SCIENCE
01/29/2016 02:05 pm ET

Nanotyrannus May Have Been Scarier Than T. Rex, And Here's Why

It's been described as the "cheetah" of the dinosaur world, but many paleontologists disagree on whether it even existed.
An illustration of a Nanotyrannus stalking a herd of Corythosaurus dinosaurs.
Stocktrek Images via Getty Images
An illustration of a Nanotyrannus stalking a herd of Corythosaurus dinosaurs.

If Tyrannosaurus rex was the lion of the Cretaceous dinosaur world, then the Nanotyrannus would have been the cheetah.

That's according to Scott Persons, a graduate student in paleontology at the University of Alberta in Canada. He led a new study, published in the journal Scientific Reports on Wednesday, revealing that Nanotyrannus would have been the carnivorous dinosaur best adapted for speed more than 65 million years ago -- that is, if the dinosaur even existed.

"It is hotly debated if Nanotyrannus was really a separate species or if its skeletons are just those of juvenile Tyrannosaurus," Persons told The Huffington Post. 

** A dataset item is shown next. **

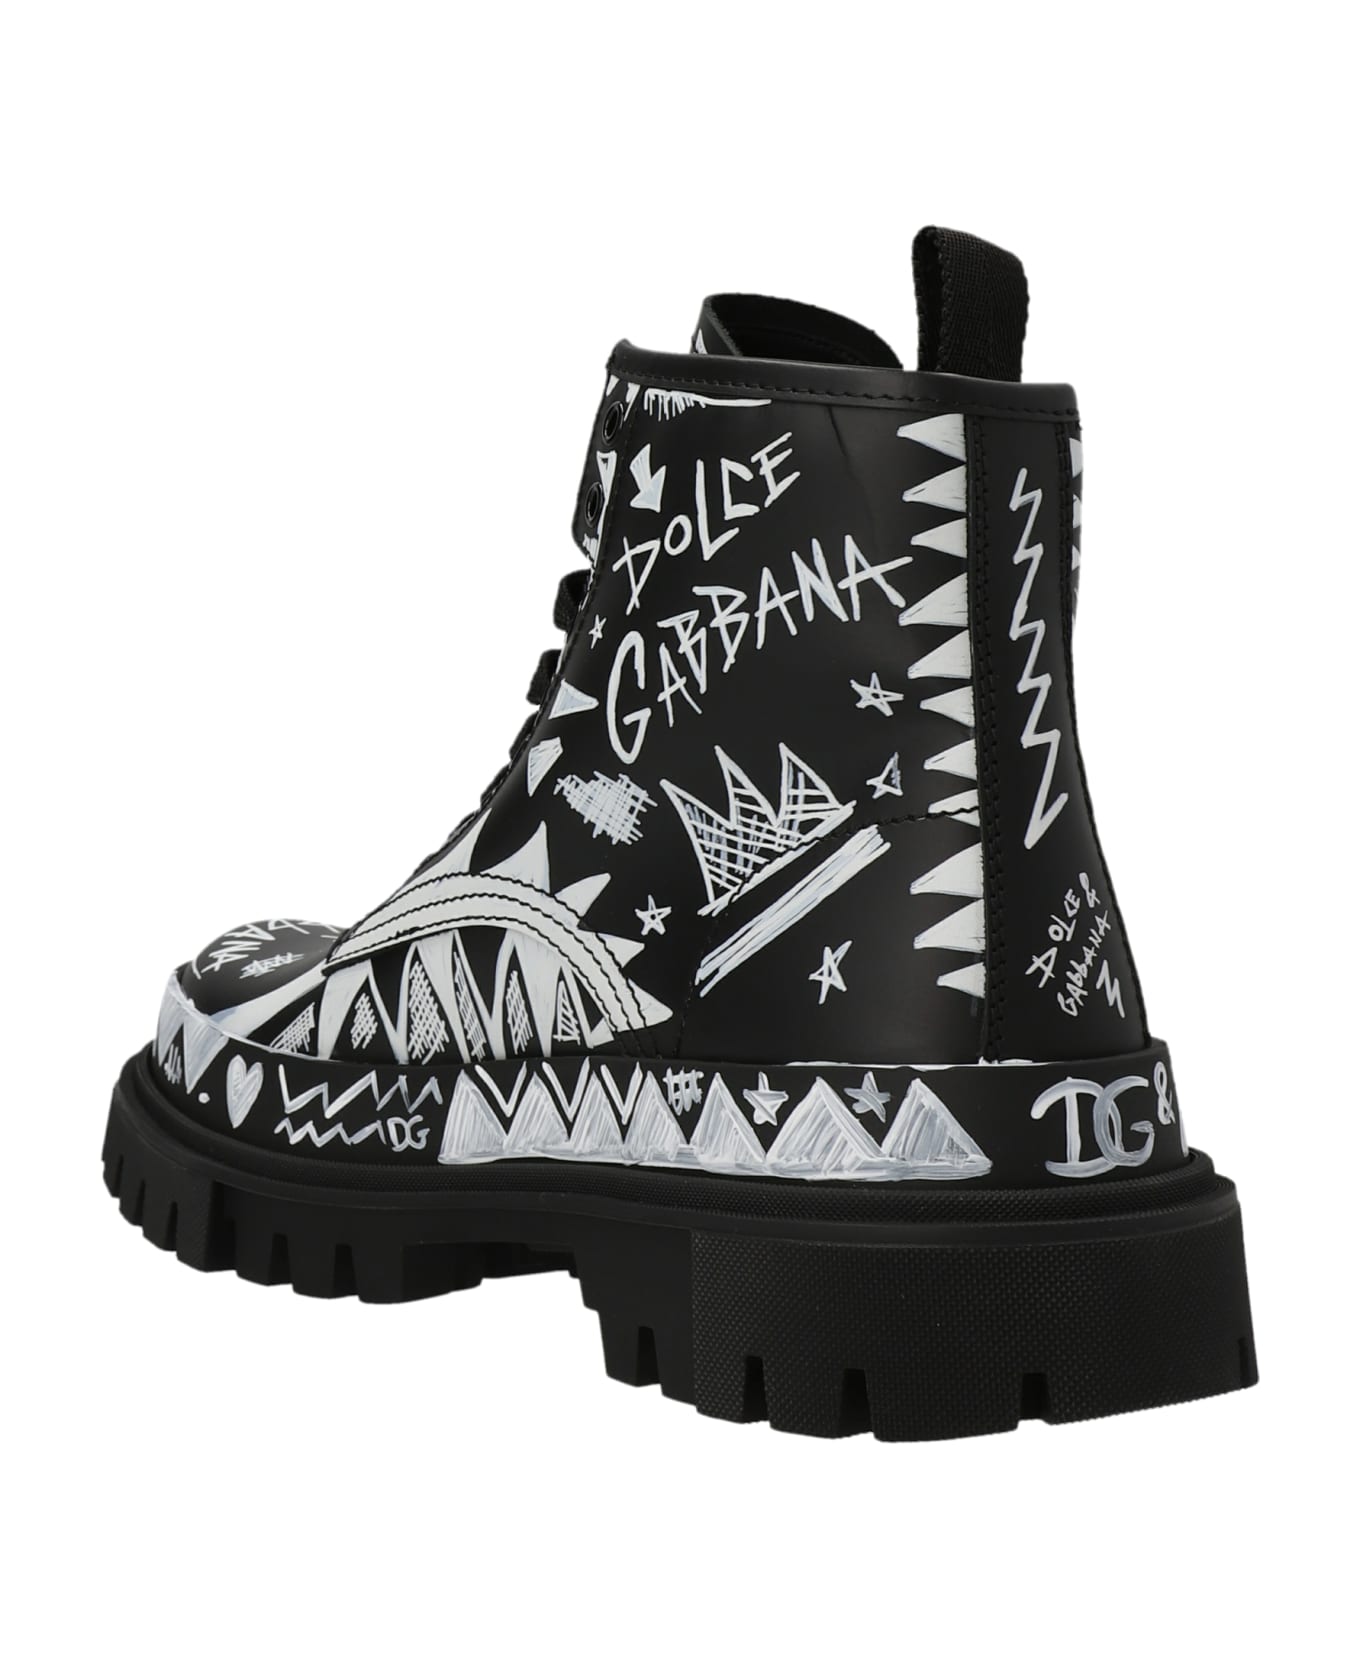 Dolce & Gabbana 'darkside' Combat Boots - White/Black

"I think Nanotyrannus probably was a separate species," he said. "Nanotyrannus lived alongside T. rex, but was more lightly built and had proportionately much longer legs -- indicating that it was a much faster runner."

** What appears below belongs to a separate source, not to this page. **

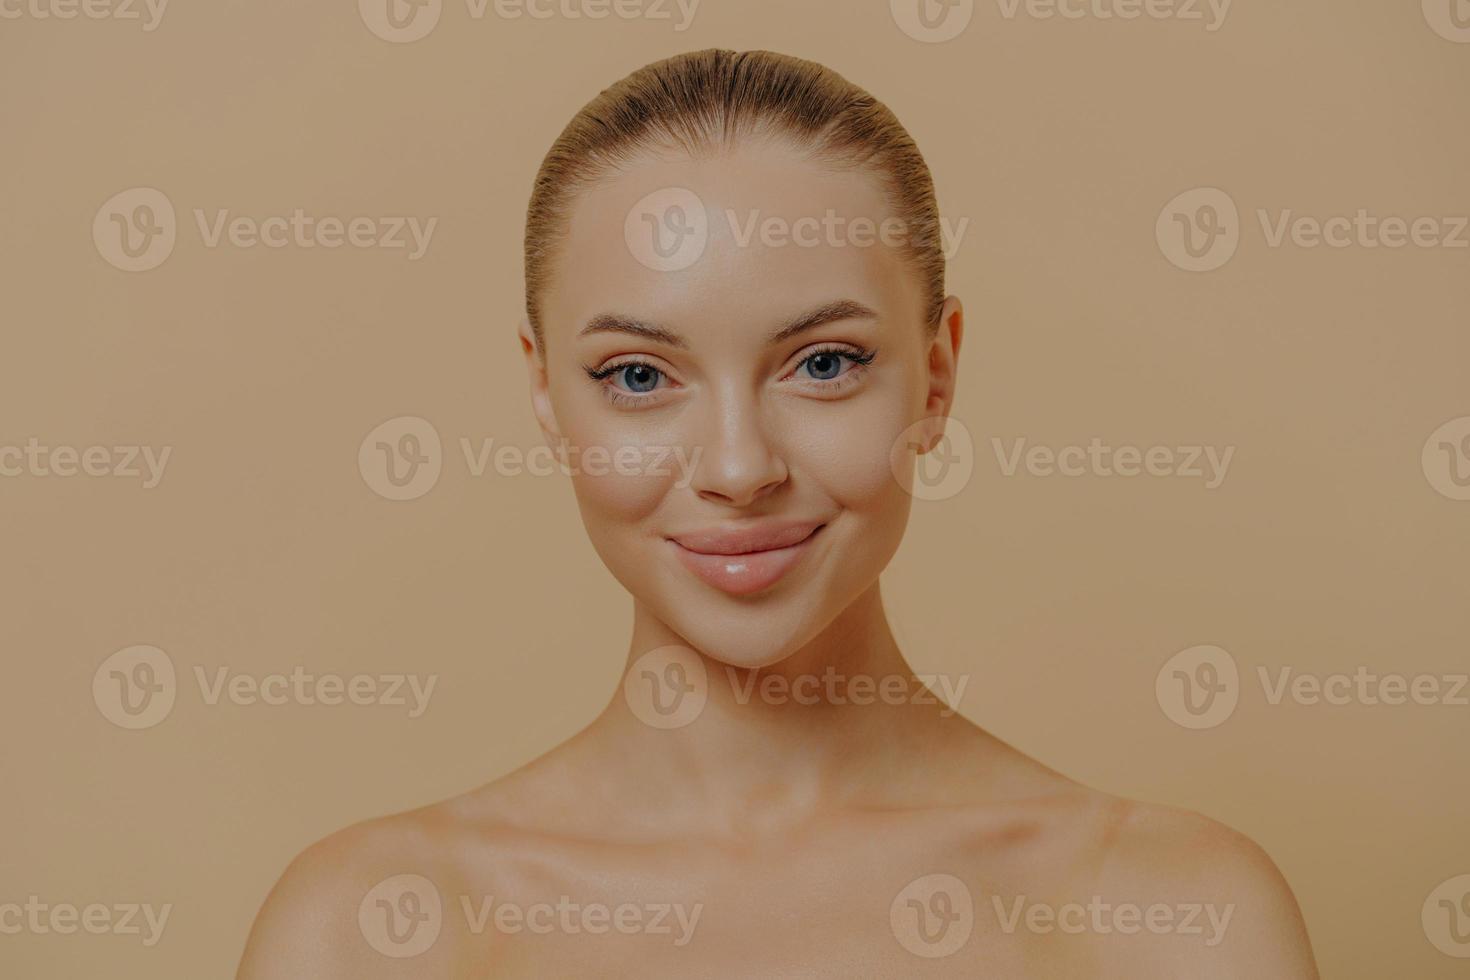 retrato de beleza de mulher encantadora com pele brilhante saudável posando seminua contra parede bege foto

Persons and his supervisor at the university, paleontologist Dr. Philip Currie, analyzed the lower-leg lengths and body masses of 53 different carnivorous theropod dinosaurs. Theropods are the group of bipedal dinosaurs that includes T. rex, Allosaurus and Velociraptor.

Persons then used the analysis to develop a math equation to estimate each dinosaur's speed: The longer the lower leg is compared to the upper leg, the faster the animal likely could have traveled, CBC News reported.

A comparative infographic of speed adaptation scores for (from left to right) Guaibasaurus, Velociraptor, Allosaurus, Tyranno
University of Alberta
A comparative infographic of speed adaptation scores for (from left to right) Guaibasaurus, Velociraptor, Allosaurus, Tyrannosaurus and the controversial Nanotyrannus.

Based on the equation, the researchers found that the 5-meter-long Nanotyrannus would have been the fastest of all carnivorous theropods.

"As far as I'm concerned, it was the scariest dinosaur," Persons said in a statement. "Sure, it might take it four to five bites to eat you, while T. rex could do it in just one or two. But eaten is eaten -- and no dinosaur was better adapted to chase you down."

Other scientists, however, think that more research is needed to verify these new findings.

The idea behind the study is "really interesting," Dr. Kevin Middleton, an anatomist at the University of Missouri, told USA Today. "They might be totally and completely right. But my view is we don’t know yet."

T. rex and Nanotyrannus probably feasted on the same kinds of herbivorous dinosaurs, Persons said. But while T. rex was able to attack heavily armored creatures such as Triceratops, Nanotyrannus was better equipped to chase down smaller, swifter animals.

How would the two have measured up in a theropod-on-theropod battle? Persons said Tyrannosaurus still would have won that fight.

"I doubt they fought often," he said. "Tyrannosaurus so massively outclasses Nanotyranus that Nanotyrannus would put its speed to good use and run from any aggressive T. rex ... and it was fast enough to escape."